JOE SCARBOROUGH: So they have, Jonathan Lemire. I'm not a surveillance expert, but [laughs uncontrollably] they set up a system that has a minute missing [shouts] every night? 

I'll tell you what we're going to do. I got this great new system we're going to set up in a prison because we want to make sure that nothing really, really bad happens. And so this system's great, and it's going to go all 24 hours. 

But like, late at night when bad shit can really go down, what we're going to do is, we're going to have a minute missing so it can reset. 

Is that, would you go, I'm curious, would you go to this surveillance company to set up your home security cameras?

JONATHAN LEMIRE: My understanding is for 23 hours and 59 minutes, it's the safest prison you could want. 

SCARBOROUGH: They're the best. 

LEMIRE: They're the best. 

SCARBOROUGH: They are the best. 

LEMIRE: You know, that last minute, you take your chances, I guess. 

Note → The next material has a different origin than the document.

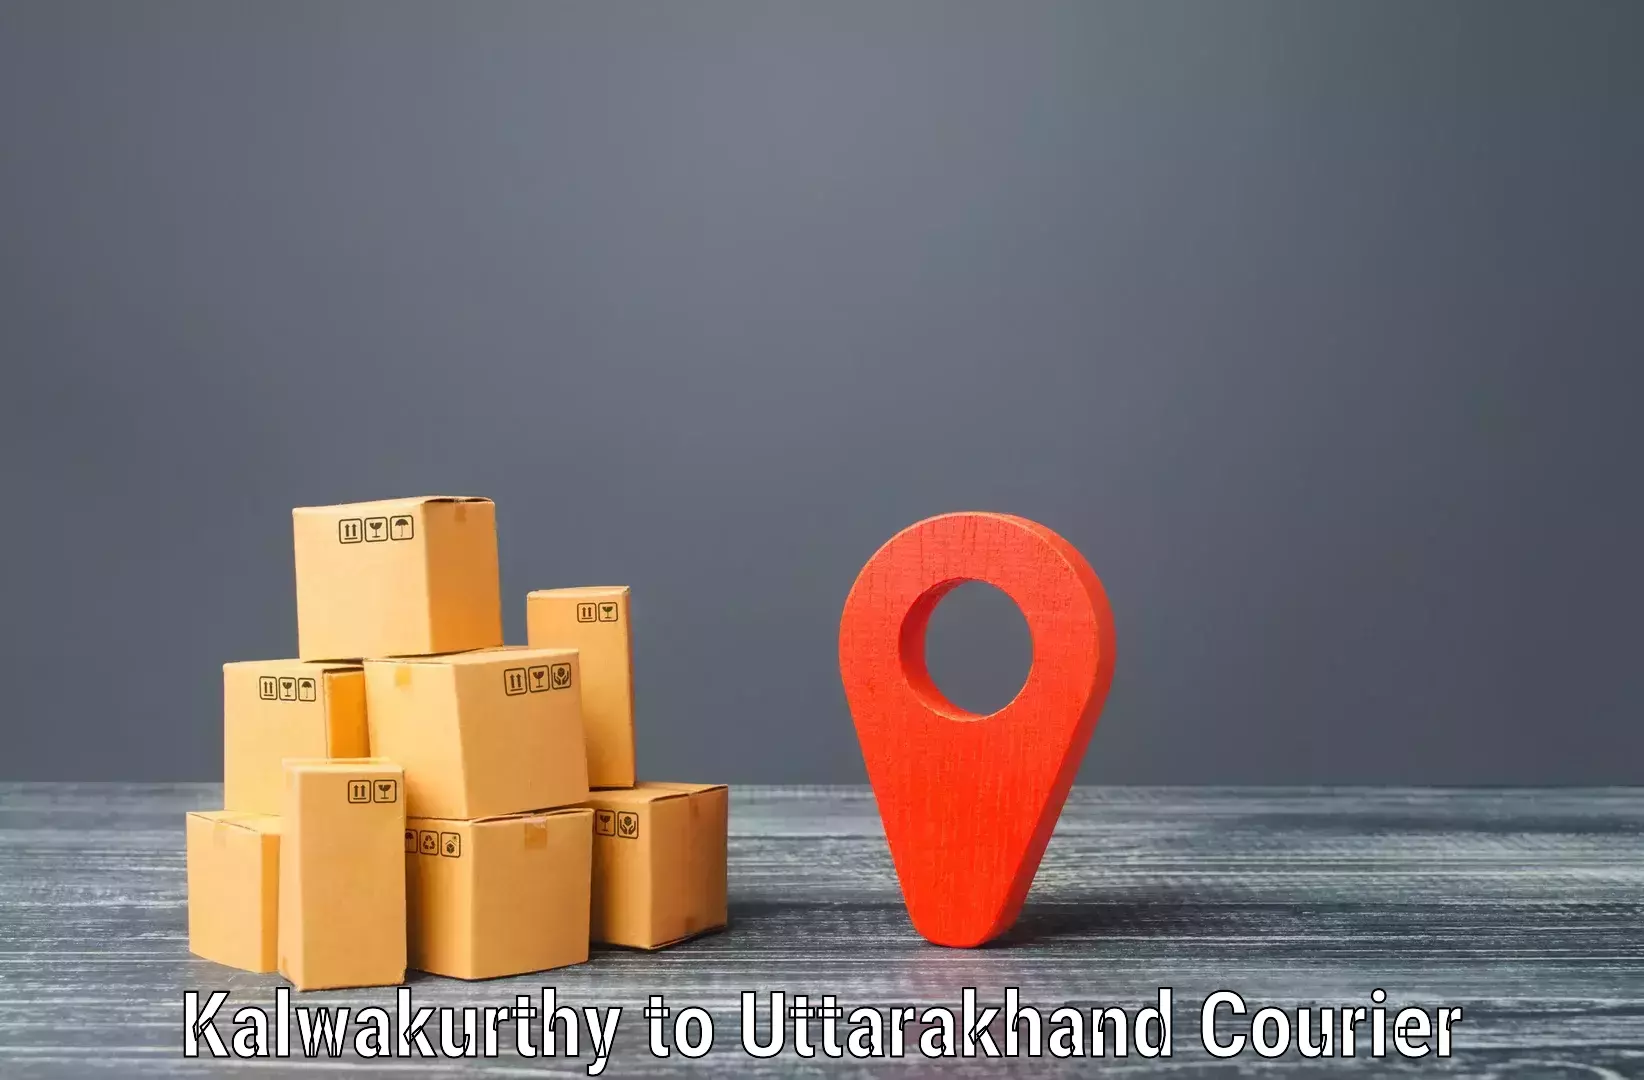 Business shipping needs in Kalwakurthy to Nainital

Yeah, I mean, this sort of explanation defies reason. And certainly it is remarkable on just the shift in tone here. I mean, President Trump himself has not spoken that much about Epstein, but plenty of people, you know, throughout. But plenty of people in this world have, for a very long time. 

And that's what we're seeing. A bit of a real, almost, not civil war, but a real infighting in Trump world, in MAGA land right now, because they've been promised for so long to get the goods. 

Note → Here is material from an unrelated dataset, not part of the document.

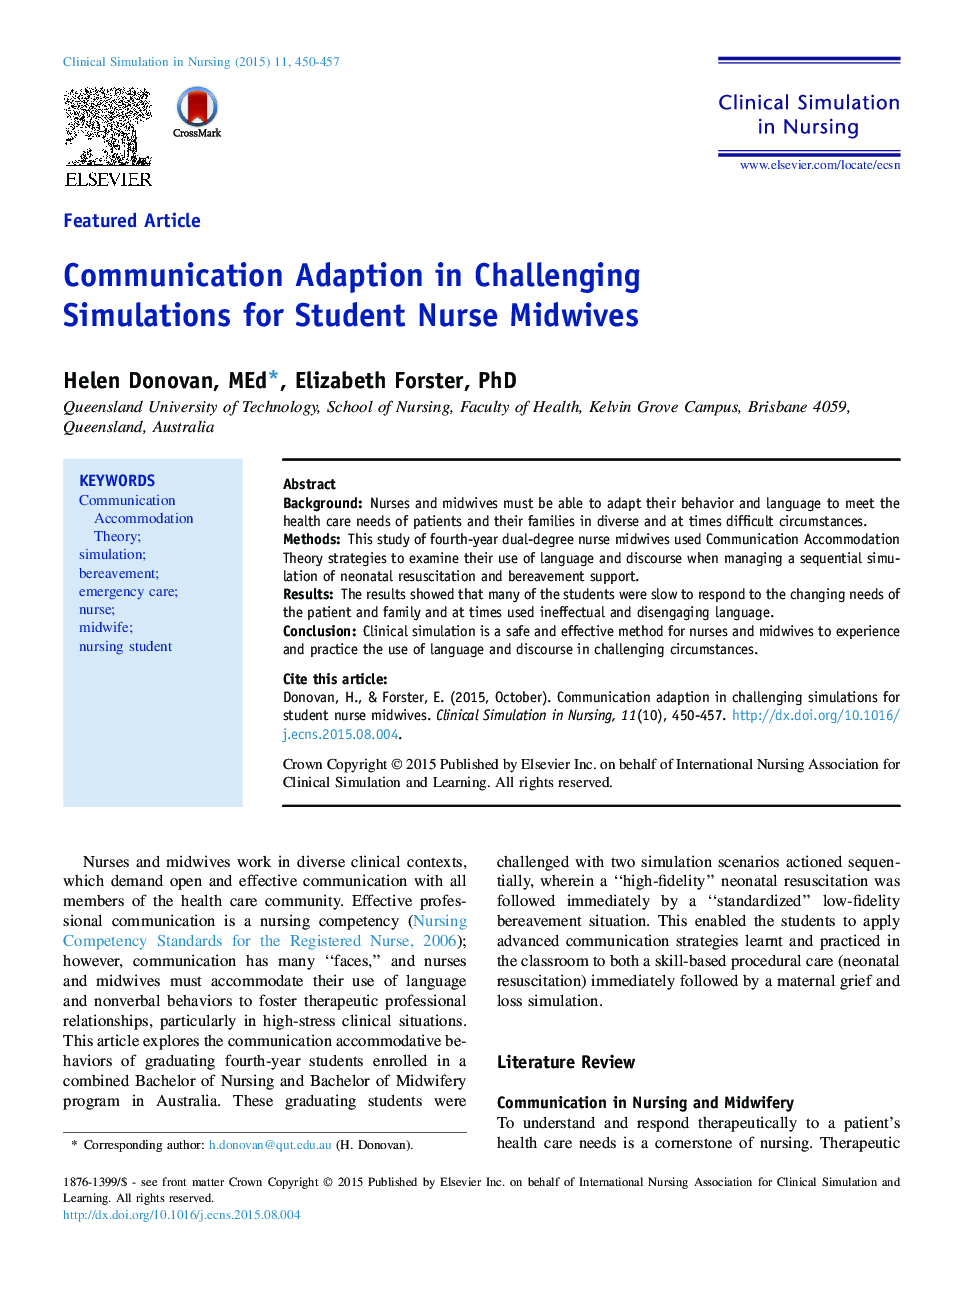 سازگاری ارتباطی در شبیه سازی های چالشی برای ماماهای پرستار دانشجویی

SCARBOROUGH: Hold on. We just lost a minute there. We just lost a minute. And again 

LEMIRE: But until then, it was fine. Here we go. Ready? Everything's good. Oh, well. I'm sure nothing happened in that minute. Nothing at all. 

SCARBOROUGH: Well, you know, and the thing is, since everybody--

MIKA BRZEZINSKI: Is he seen after that minute? 

SCARBOROUGH: Since everybody knows. No. Since everybody knows that you have that minute that skips. I mean, thank God. Thank God they know that, because they'll make sure not to do anything bad during that minute whe the film doesn't work, because, as the attorney general said, they set up a system that just doesn't record every minute. 

LEMIRE: Yeah, I can't see any possible, wrong possible worry spot. I can't see any possible concern about it being widely known that there's one minute that doesn't record. You know, that seems totally reasonable. 

MIKA: Is the next time he's seen on that video, he's dead? 

SCARBOROUGH: Hmm, I think so. He's not seen at all. He's never seen at all. 

SCARBOROUGH: Not seen at all. 

LEMIRE: I don't think he's seen at all. 

SCARBOROUGH: You know, and I'd heard yesterday somebody say that Bill Barr had said, I looked through all of the minutes. I did it intentionally to know that nothing went awry. 

Well, yeah. No, you didn't see everything, because you didn't see the minute that we now find out is not a bug, but a feature. 

MIKA: It's a minute. It's a feature? 

SCARBOROUGH: [Laughing, shouting] Who's ever heard of a prison surveillance camera that was set up to not record the same minute every day. 

LEMIRE: They really should have read the fine print. Yeah, read the fine print. It's just right there. Look for that one minute. Sorry, that's just how it works.